Trochę się nie jeździło-lack of time error
Po pracy szybki przelot po sklepach i Polną w teren, w odwiedziny do Lucyferka, przejazd z Wiro przy rzece w poszukiwaniu plaż, a po przekroczeniu głównej w głąb lądu i zwiedzanie dzielnic Radość, Wawer, Miedzeszyn, Falenica-poznanie nowych tras terenowych oraz wielu uroczych ulic z prześlicznymi domami-jeszcze tam wrócę ;p I'll be back to the forest. Wybór dróg w terenie gdzie tylko było to możliwe.

Powietrze pachnie wiosną, trawa się zieleni, pogoda była piękna-ciepło, niebo bezchmurne, pierwszy raz przejazd rowerciem w krótkim rękawku tej wiosny.
Ulice m.in Przewodowa, Majerankowa, Zasadowa 3D, Panny Wodnej, Garncarska, Popradzka, Małowiejska, Tawułkowa, jakieś ruiny fabryk przy lesie.




  • DST 8.04km
  • Czas 00:25
  • VAVG 19.30km/h
  • Aktywność Jazda na rowerze

Po chlebek

Poniedziałek, 14 kwietnia 2008 · dodano: 15.04.2008 | Komentarze 14

Po chlebek
Szybki wypad po chleb po pracy, po 21szej było, zaraz potem powrót i do homeworków nos wściubić a na muzzę uszy nastawić.
I tak mnie ta polityka zmuliła i nie dokończyłam-chyba pobiję rekord marudzenia przy pojedynczym homeworku;p, jutro się biorę za ostatnią prackę, ma mieć te 7,5 str conajmniej, więc trzeba wodze fantazji popuścić i conieco wymodzić ;p

Jeszcze mi dołożyli kursik komputerowy do mych zwyczajowych zajęć i nie dość że daleko, to teraz codziennie będę kończyć o 19.30 tam, co mi daje nadzieję na dotarcie do chawiry na 21, więc zostaje tylko NR.
Jutro się na chwilkę już umówiłam wieczorem z pewnym Dj'em, więc dużo homeworka to raczej nie powstanie...a co się będę przejmować, pomyślę o tym jutro.




  • DST 29.23km
  • Teren 20.00km
  • Czas 01:29
  • VAVG 19.71km/h
  • Aktywność Jazda na rowerze

Mein erst Mazovia MTB Marathon

Niedziela, 13 kwietnia 2008 · dodano: 14.04.2008 | Komentarze 2

Mein erst Mazovia MTB Marathon

Baby maraton lokalnie, czyli luzik, bo Otwock to rzut kamieniem, traska=dużo piachu i trochę mniej błotka, ale też piękny, słoneczny i ciepły dzień (moje letnie rowerowe rękawiczki dziś zaczęły sezon), choć pod koniec delikatniutko pokropiło-ciekawy dźwięk-takie stukanie z szuraniem po kasku, powrotnie do Józefowa jakiś wmordewind prawie cofający mnie, i za co, przecież jechałam się ukulturalniać ;p.
W zasadzie było jak zwykle w trasie-pojeździłam, ale zwykle na trasie nie ma tylu zagubionych bidonów, tylu bikerów na poboczach z kontuzjami, lub w trakcie wymiany dętki się nie mija, nie każą przyczepiać numeru startowego na rower oraz ubierać kasku i potem jeść i pić nie dają;p Pyszne ciasto z nadzieniem truskawkowym za linią mety :-)

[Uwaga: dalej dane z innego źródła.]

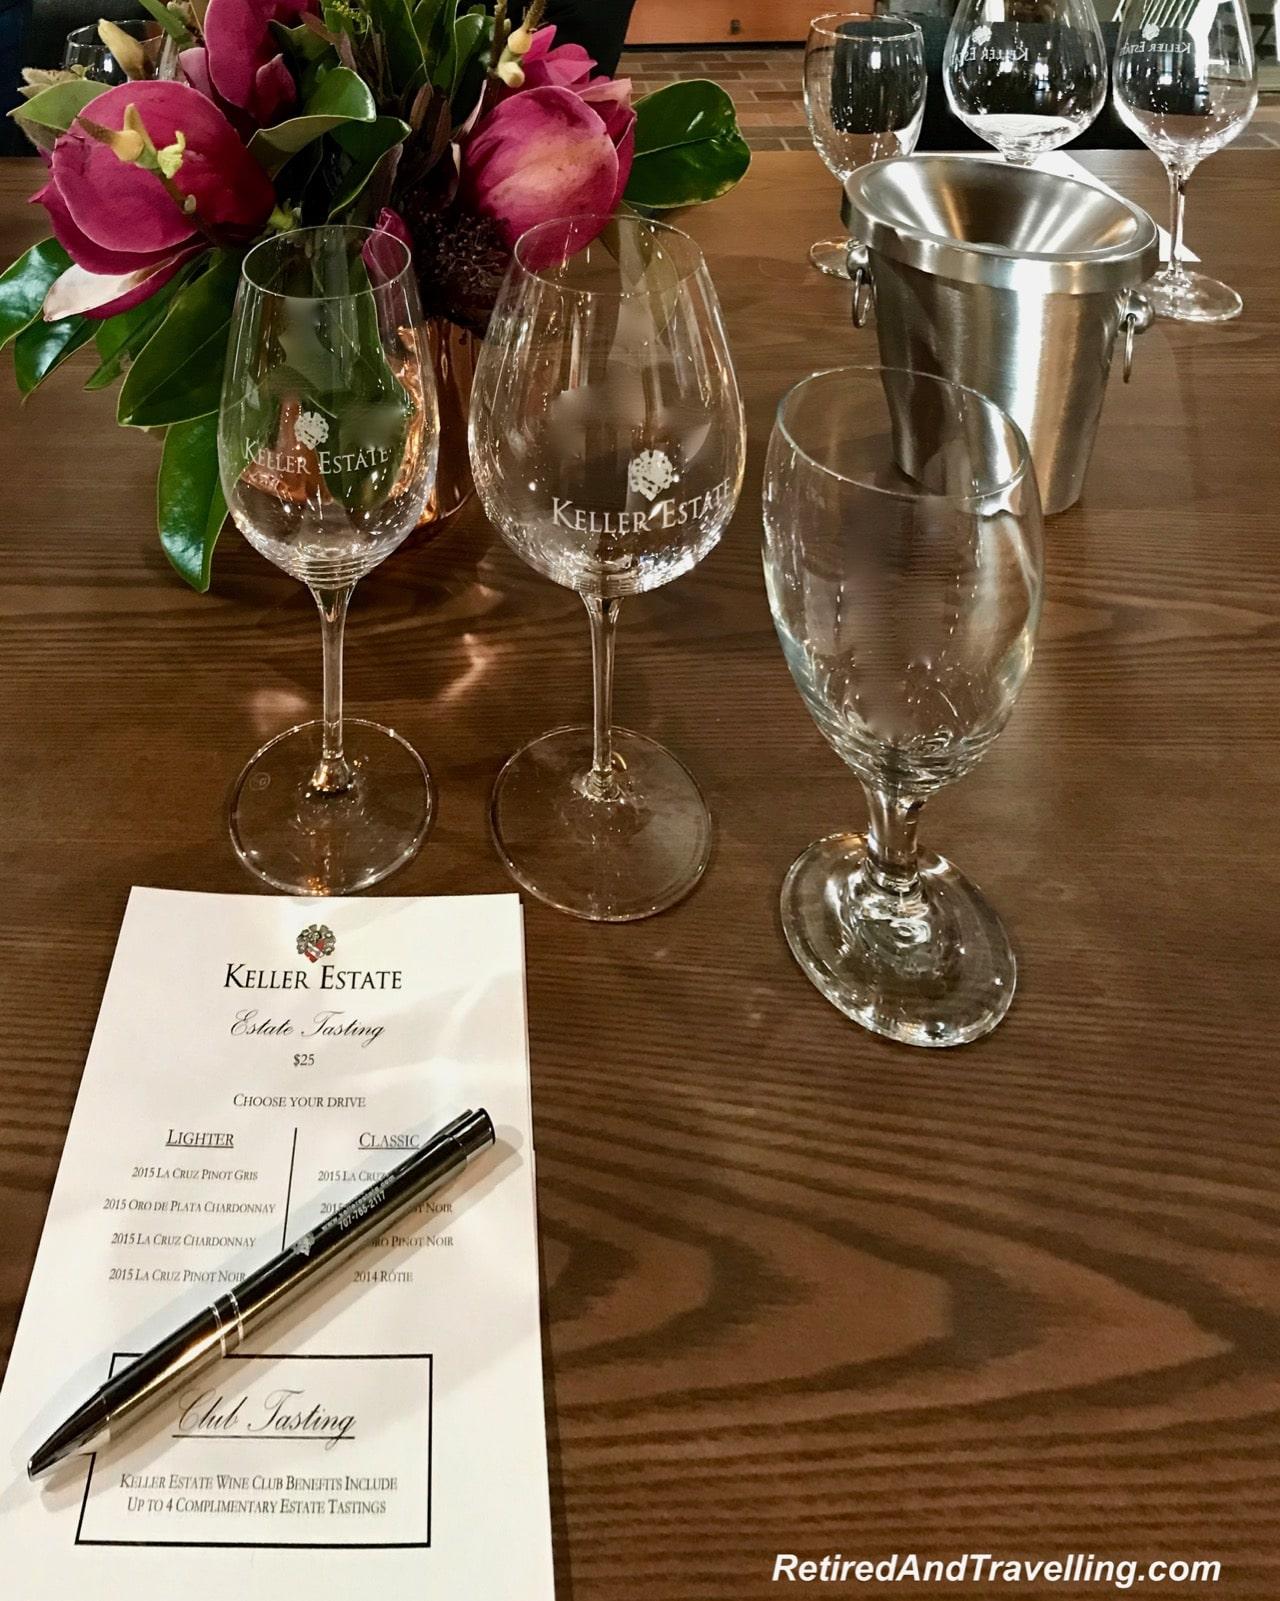 Tasting Menu Keller Estates - Wine Tasting Experience In Napa.jpg

Poranne obfocenie przed startem, pomachanie Dj Wiro w 1szym sektorze,tu fotka bikerów z pierwszego sektora, w tym 1 biker w "złym stanie technicznym":

i jazda, poszli, a ile kurzu wzniecili:


Jest wynik: jestem 11-ta. Potem musiałam sie szybko zmywać na część kulturalną mojego dnia, czyli spektakl muzyczny "Upiór w Operze" w teatrze Roma.

Szybko wpadłam do domciu i zrzuciłam jeden strój, by go zastąpić bardziej wyjściowym do teatru.

Generalnie fajna zabawa, może kiedyś jeszcze się tak pobawię, jak nie będę miała w planach części kulturalnej, bo wtedy luzik, a nie sztywne trzymanie się planu. Pozdrowienia dla wszystkich, którzy dotarli do mety i kondolencje dla tych, którym się nie udało, bo wiem, że trochę takich osób było.

Fotken może jeszcze potem, jak znajdę czas, żeby je zrzucić.
Udany weekend, rewelacyjne, emocjonujące przedstawienie-jestem zachwycona (popłoch środka przodu widowni podczas spadania żyrandola na scenę i pierwsze rzędy środka widowni-bezcenne), szybko minął, znów nic nie zrobiłam w temacie homeworki, a jeszcze 2 zostały.
No i zobaczenie jak wygląda maraton rowerowy, nowe ciekawe doświadczenie,
dotychczas znane mi tylko z opowieści Dj Wiro i opisów w internecie.
Nie ma to jak doświadczenie własne.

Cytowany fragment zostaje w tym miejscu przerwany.